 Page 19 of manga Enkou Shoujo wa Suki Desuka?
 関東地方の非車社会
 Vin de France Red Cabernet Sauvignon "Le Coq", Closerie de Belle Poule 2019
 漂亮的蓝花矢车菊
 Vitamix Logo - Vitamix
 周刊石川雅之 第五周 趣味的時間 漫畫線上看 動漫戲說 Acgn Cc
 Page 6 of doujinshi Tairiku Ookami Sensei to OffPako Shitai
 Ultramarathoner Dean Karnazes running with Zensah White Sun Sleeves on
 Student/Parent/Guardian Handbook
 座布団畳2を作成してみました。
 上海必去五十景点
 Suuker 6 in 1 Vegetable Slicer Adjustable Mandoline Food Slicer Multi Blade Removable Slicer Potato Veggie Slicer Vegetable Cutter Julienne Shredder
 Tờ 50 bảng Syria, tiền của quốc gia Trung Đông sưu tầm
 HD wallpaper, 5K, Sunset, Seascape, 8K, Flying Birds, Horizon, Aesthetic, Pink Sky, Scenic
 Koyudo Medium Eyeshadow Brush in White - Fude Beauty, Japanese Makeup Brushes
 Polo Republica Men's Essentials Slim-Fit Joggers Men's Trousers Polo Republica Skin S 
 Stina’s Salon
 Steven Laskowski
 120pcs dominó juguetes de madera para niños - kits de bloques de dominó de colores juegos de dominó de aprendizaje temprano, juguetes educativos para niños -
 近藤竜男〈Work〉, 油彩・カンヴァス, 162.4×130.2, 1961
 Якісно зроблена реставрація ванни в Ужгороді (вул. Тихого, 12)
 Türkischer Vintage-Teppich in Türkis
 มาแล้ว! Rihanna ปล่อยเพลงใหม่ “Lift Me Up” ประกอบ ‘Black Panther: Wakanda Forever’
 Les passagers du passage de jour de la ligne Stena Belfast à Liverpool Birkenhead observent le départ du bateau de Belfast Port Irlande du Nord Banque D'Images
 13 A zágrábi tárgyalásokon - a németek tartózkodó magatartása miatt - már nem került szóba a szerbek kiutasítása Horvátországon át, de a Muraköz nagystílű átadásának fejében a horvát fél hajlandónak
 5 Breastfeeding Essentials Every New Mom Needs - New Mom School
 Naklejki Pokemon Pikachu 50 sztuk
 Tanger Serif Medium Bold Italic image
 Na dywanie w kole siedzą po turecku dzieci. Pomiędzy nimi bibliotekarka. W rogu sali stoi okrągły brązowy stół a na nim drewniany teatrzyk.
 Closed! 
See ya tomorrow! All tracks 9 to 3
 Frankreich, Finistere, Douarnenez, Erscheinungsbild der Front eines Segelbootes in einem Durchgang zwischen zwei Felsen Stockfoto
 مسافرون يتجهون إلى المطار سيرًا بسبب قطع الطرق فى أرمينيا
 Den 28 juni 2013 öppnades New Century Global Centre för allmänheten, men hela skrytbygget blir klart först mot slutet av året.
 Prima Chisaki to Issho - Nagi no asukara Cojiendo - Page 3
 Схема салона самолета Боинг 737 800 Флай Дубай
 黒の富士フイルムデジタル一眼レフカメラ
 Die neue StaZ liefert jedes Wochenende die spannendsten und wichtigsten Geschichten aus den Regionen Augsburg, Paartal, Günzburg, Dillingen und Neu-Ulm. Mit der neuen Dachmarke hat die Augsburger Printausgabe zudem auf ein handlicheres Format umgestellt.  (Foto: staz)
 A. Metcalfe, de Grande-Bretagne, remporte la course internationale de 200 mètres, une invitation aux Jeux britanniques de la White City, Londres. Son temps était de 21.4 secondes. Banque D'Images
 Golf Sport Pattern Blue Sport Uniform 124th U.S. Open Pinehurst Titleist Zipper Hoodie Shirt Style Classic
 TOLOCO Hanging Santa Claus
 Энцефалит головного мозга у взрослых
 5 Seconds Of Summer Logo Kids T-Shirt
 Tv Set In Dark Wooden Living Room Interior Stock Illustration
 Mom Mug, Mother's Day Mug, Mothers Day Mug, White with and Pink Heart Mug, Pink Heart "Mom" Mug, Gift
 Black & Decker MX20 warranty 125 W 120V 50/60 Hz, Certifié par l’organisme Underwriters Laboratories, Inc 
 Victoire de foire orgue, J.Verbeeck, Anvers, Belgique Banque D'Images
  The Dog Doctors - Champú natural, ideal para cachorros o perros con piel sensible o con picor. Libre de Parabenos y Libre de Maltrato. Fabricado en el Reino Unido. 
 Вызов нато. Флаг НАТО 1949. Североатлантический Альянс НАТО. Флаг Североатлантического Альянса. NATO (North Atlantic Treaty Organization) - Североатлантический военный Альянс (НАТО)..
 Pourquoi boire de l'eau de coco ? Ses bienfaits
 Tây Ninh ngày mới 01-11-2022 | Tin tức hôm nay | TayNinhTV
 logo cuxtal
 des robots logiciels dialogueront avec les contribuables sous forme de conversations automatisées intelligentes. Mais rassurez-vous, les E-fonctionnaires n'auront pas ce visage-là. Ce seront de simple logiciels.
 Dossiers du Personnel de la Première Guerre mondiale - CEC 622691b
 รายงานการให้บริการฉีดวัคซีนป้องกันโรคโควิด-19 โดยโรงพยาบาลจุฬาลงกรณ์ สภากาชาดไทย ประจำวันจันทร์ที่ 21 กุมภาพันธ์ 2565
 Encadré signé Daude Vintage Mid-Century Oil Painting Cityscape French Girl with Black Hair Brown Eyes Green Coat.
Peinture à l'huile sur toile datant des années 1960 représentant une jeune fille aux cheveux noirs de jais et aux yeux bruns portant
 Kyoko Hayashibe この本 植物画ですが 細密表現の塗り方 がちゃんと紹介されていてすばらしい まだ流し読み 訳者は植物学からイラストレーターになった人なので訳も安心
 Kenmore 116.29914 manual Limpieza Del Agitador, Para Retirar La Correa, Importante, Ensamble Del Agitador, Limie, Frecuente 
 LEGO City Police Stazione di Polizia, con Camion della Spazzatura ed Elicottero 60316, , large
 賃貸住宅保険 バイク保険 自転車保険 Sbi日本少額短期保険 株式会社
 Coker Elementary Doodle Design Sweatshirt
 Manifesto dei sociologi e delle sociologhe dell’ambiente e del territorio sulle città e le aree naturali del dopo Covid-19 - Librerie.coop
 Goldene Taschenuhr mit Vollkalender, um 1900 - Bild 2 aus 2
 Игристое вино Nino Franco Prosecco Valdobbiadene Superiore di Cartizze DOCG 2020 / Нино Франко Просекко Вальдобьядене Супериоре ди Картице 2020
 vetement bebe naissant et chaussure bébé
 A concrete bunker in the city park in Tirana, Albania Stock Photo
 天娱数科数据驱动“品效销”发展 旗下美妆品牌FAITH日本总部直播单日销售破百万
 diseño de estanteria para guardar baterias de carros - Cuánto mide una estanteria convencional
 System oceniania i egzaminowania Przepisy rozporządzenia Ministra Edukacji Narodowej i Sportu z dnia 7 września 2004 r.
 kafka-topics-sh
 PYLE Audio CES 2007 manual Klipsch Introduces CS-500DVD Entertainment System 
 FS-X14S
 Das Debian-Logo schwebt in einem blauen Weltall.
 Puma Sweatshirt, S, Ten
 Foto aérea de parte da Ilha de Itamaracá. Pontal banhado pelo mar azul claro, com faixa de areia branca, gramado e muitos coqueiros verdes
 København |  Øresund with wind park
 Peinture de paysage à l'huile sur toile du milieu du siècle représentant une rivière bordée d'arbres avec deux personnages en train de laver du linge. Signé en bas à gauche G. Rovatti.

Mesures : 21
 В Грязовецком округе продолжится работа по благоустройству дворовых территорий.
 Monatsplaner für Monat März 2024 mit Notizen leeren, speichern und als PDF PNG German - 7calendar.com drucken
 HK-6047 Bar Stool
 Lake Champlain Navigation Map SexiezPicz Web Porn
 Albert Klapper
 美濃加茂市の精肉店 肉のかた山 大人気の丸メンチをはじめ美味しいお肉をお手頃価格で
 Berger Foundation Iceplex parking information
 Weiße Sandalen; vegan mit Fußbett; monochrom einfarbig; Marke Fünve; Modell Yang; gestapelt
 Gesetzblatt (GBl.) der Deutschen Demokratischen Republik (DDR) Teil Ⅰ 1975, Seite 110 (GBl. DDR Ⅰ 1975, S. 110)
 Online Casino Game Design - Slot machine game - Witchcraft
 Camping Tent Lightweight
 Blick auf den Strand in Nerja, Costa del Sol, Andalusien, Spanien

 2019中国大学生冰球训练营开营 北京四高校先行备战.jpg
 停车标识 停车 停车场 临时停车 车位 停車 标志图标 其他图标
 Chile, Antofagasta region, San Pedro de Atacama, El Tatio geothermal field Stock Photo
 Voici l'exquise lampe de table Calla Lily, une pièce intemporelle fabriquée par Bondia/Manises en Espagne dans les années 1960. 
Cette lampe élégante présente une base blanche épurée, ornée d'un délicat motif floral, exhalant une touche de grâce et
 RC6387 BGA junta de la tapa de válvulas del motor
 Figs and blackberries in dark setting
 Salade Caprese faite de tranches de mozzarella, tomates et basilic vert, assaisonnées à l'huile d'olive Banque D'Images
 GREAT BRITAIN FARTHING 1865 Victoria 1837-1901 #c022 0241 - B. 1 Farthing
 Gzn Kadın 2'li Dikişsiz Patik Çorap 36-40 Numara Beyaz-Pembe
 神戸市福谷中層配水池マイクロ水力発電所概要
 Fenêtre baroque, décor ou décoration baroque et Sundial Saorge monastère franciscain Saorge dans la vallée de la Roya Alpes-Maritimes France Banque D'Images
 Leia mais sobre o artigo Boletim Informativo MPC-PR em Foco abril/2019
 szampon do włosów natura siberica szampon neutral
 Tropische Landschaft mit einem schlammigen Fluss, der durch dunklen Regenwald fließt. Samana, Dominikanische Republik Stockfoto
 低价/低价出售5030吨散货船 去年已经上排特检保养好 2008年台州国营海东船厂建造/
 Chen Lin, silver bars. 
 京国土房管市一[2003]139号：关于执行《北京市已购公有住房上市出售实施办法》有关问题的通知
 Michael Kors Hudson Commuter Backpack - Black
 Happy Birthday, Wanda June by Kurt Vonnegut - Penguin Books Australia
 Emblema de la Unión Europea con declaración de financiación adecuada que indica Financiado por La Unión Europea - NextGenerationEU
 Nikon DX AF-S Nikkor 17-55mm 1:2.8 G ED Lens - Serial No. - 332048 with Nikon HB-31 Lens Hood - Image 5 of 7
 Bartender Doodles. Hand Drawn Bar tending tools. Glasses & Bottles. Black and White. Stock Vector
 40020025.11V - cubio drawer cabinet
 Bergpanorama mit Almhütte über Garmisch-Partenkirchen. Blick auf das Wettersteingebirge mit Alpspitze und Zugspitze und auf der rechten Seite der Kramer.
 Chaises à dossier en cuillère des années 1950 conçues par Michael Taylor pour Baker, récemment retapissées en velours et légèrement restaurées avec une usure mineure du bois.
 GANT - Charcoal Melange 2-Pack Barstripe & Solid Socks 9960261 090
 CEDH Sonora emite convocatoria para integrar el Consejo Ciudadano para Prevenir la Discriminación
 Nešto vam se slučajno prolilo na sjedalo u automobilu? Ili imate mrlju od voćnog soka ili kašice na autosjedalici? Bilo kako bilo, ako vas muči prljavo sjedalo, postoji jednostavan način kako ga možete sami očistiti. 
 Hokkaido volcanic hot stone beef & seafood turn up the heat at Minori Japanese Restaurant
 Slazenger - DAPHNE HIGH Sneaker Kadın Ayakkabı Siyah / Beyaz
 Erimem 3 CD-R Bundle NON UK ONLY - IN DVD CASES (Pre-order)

····················

◆ **HOW TO COMPLETE THIS TASK**
Give back, unchanged, the run of lines in the listing above that begins at the line containing "Naklejki Pokemon Pikachu 50 sztuk" and ends at the line containing "Die neue StaZ", both included.

◆ **RESULT**
 Naklejki Pokemon Pikachu 50 sztuk
 Tanger Serif Medium Bold Italic image
 Na dywanie w kole siedzą po turecku dzieci. Pomiędzy nimi bibliotekarka. W rogu sali stoi okrągły brązowy stół a na nim drewniany teatrzyk.
 Closed! 
See ya tomorrow! All tracks 9 to 3
 Frankreich, Finistere, Douarnenez, Erscheinungsbild der Front eines Segelbootes in einem Durchgang zwischen zwei Felsen Stockfoto
 مسافرون يتجهون إلى المطار سيرًا بسبب قطع الطرق فى أرمينيا
 Den 28 juni 2013 öppnades New Century Global Centre för allmänheten, men hela skrytbygget blir klart först mot slutet av året.
 Prima Chisaki to Issho - Nagi no asukara Cojiendo - Page 3
 Схема салона самолета Боинг 737 800 Флай Дубай
 黒の富士フイルムデジタル一眼レフカメラ
 Die neue StaZ liefert jedes Wochenende die spannendsten und wichtigsten Geschichten aus den Regionen Augsburg, Paartal, Günzburg, Dillingen und Neu-Ulm. Mit der neuen Dachmarke hat die Augsburger Printausgabe zudem auf ein handlicheres Format umgestellt.  (Foto: staz)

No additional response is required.